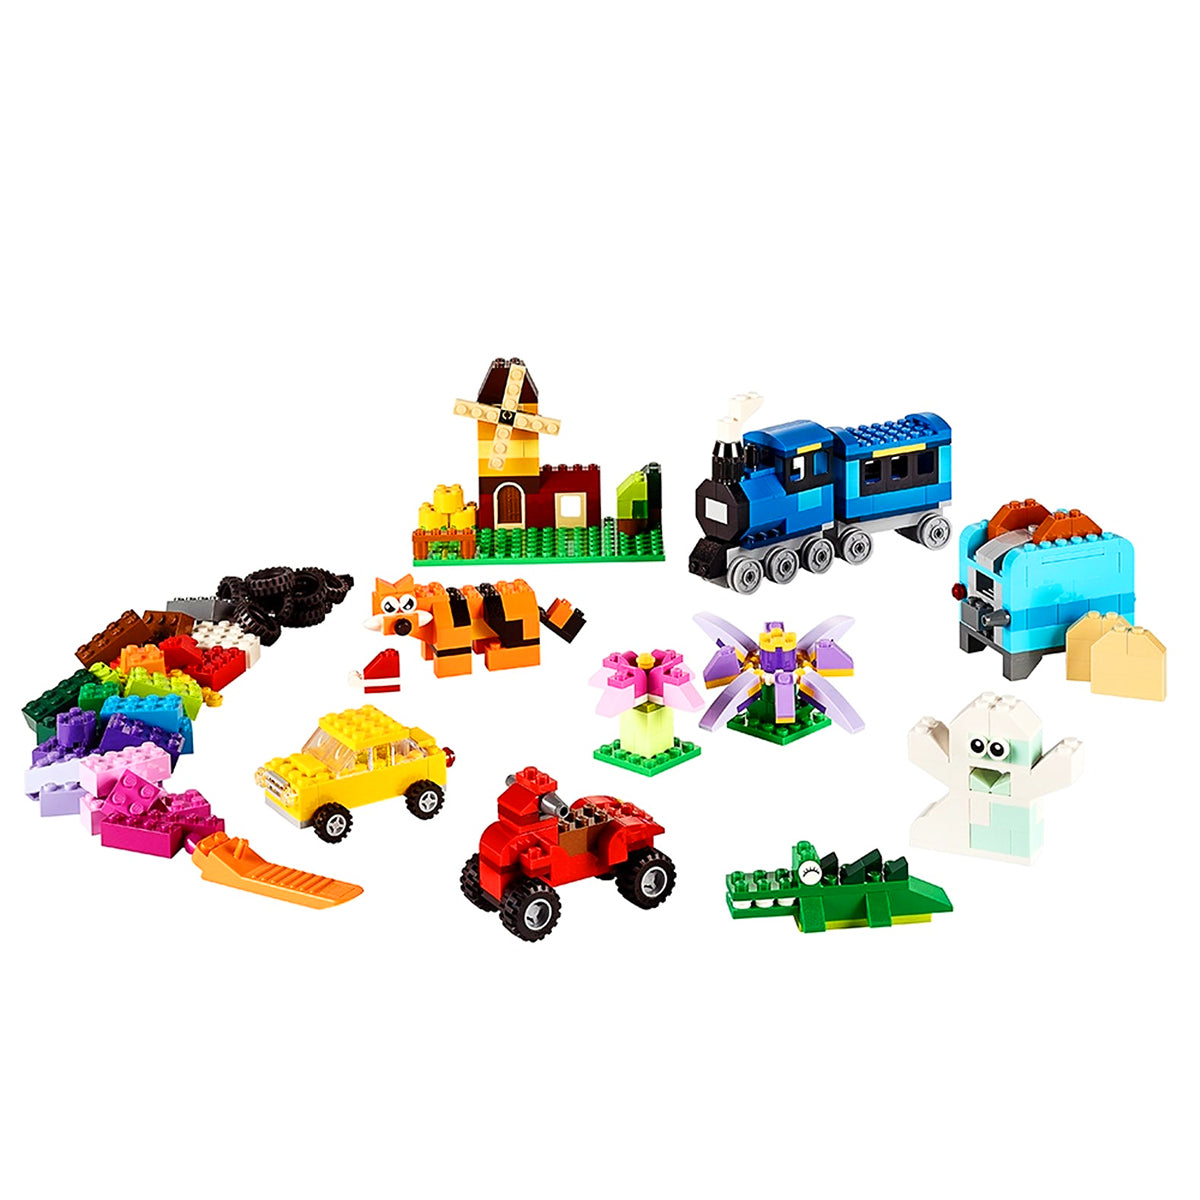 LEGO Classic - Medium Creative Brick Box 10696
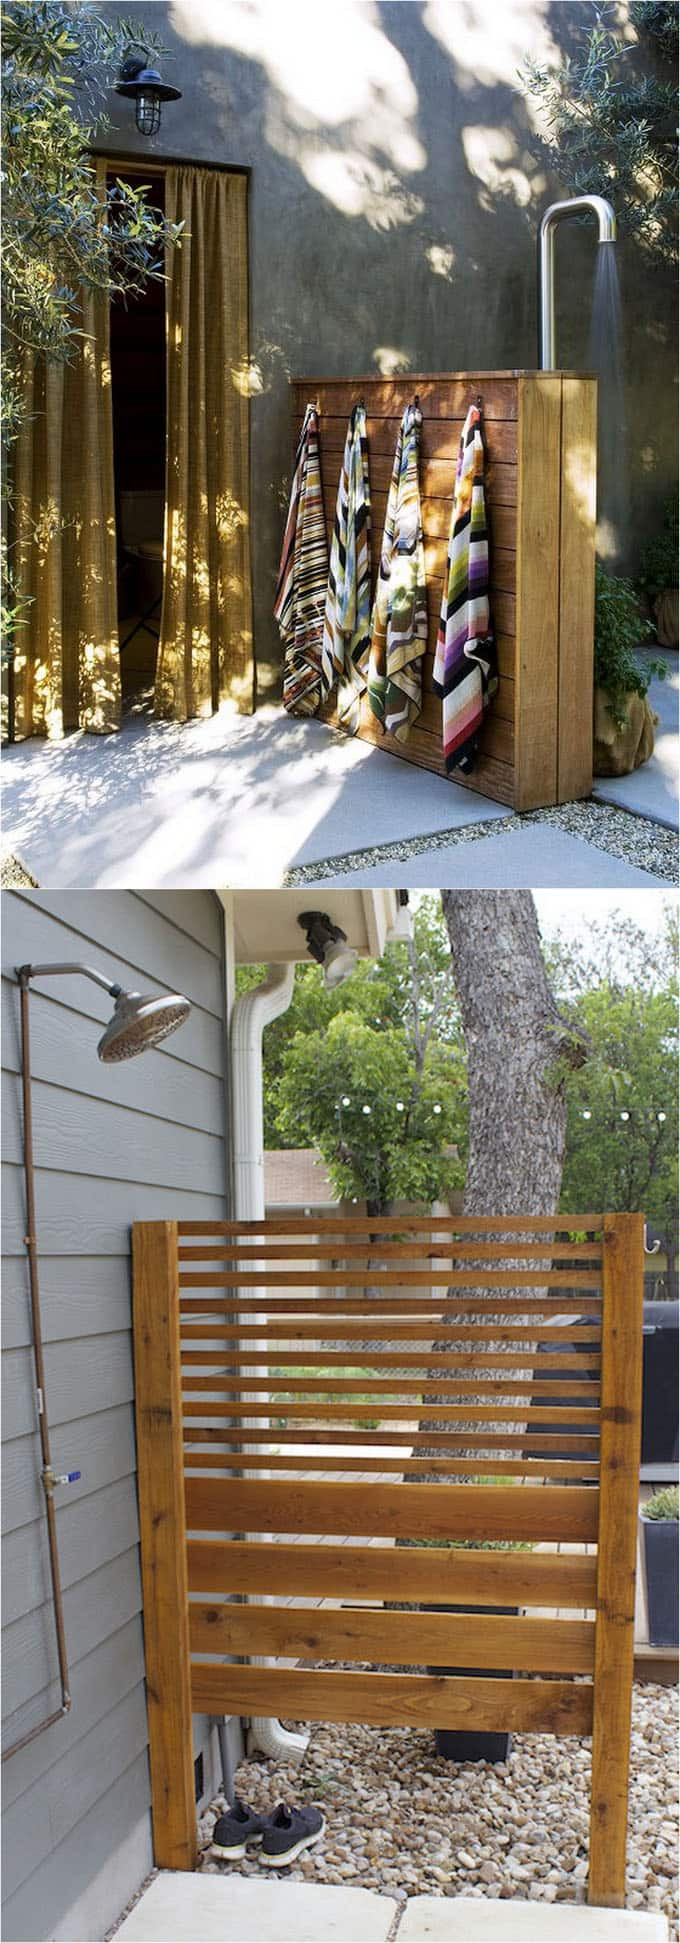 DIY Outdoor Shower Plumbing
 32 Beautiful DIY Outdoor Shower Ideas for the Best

------------

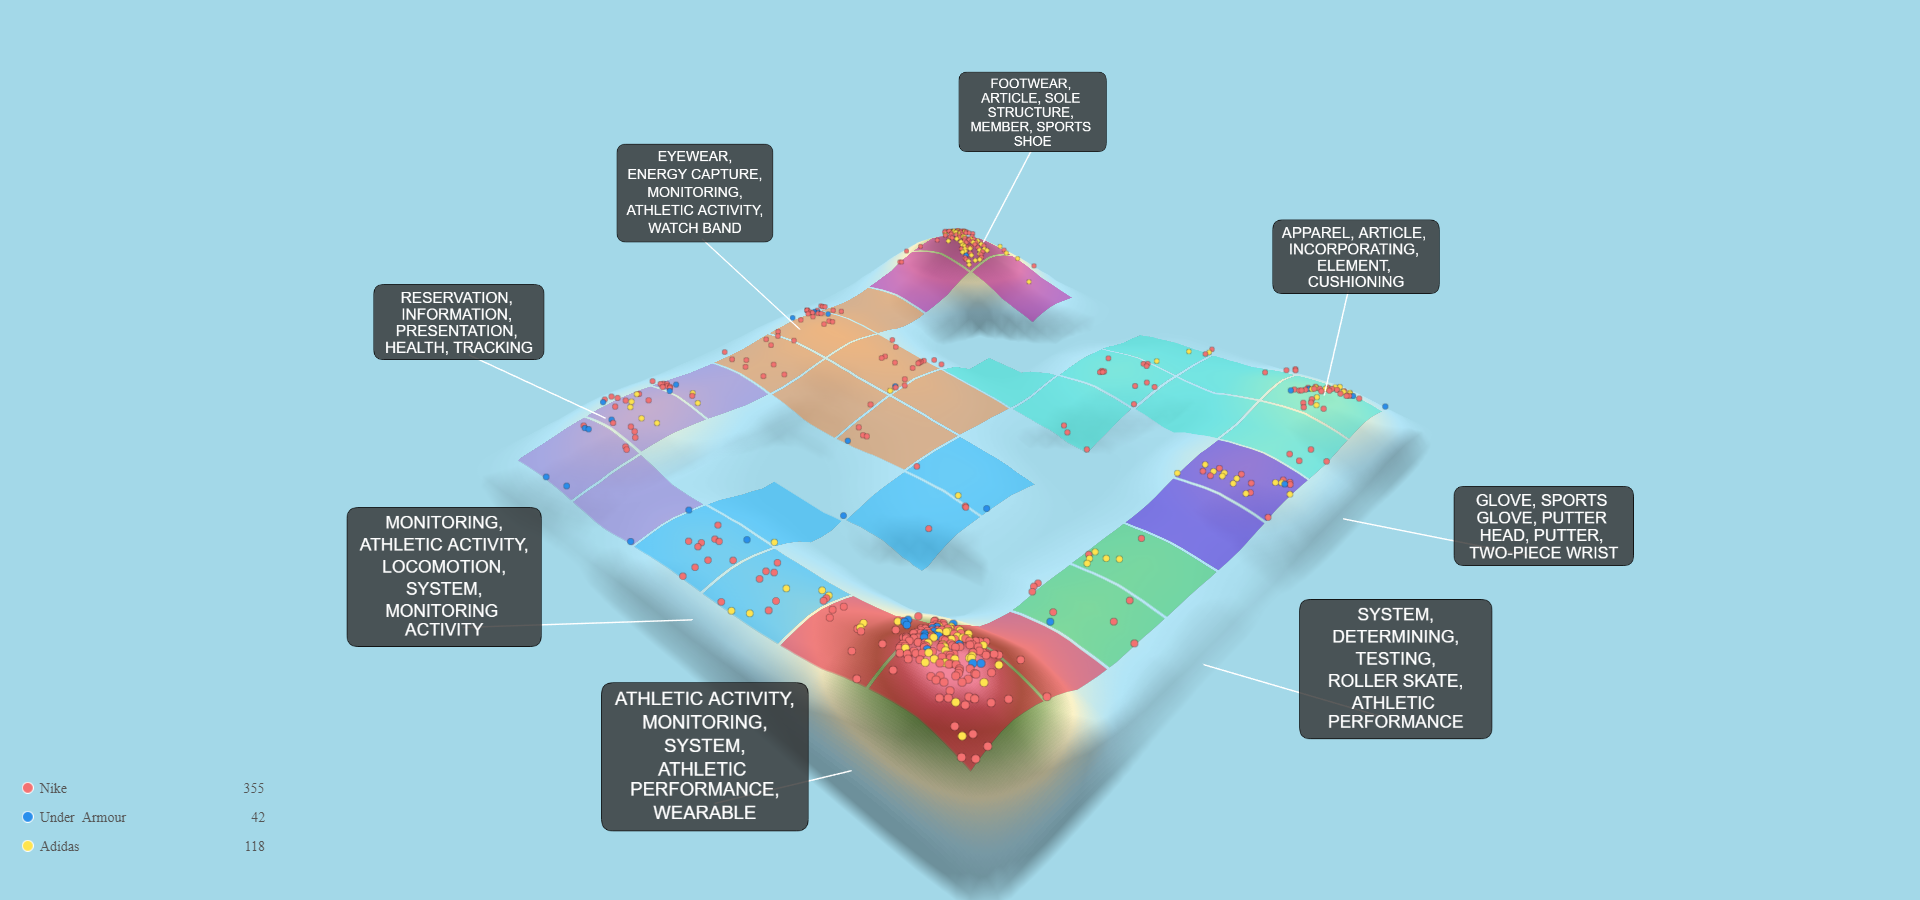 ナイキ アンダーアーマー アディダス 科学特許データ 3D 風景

------------

◆ The problem: For the material above, give again only the lines starting at the line that contains "LEGO Classic - Medium" and ending at the line that contains "32 Beautiful DIY". Pictures do not belong in the copy.

◆ Reply to the task:
 LEGO Classic - Medium Creative Brick Box 10696
 DIY Outdoor Shower Plumbing
 32 Beautiful DIY Outdoor Shower Ideas for the Best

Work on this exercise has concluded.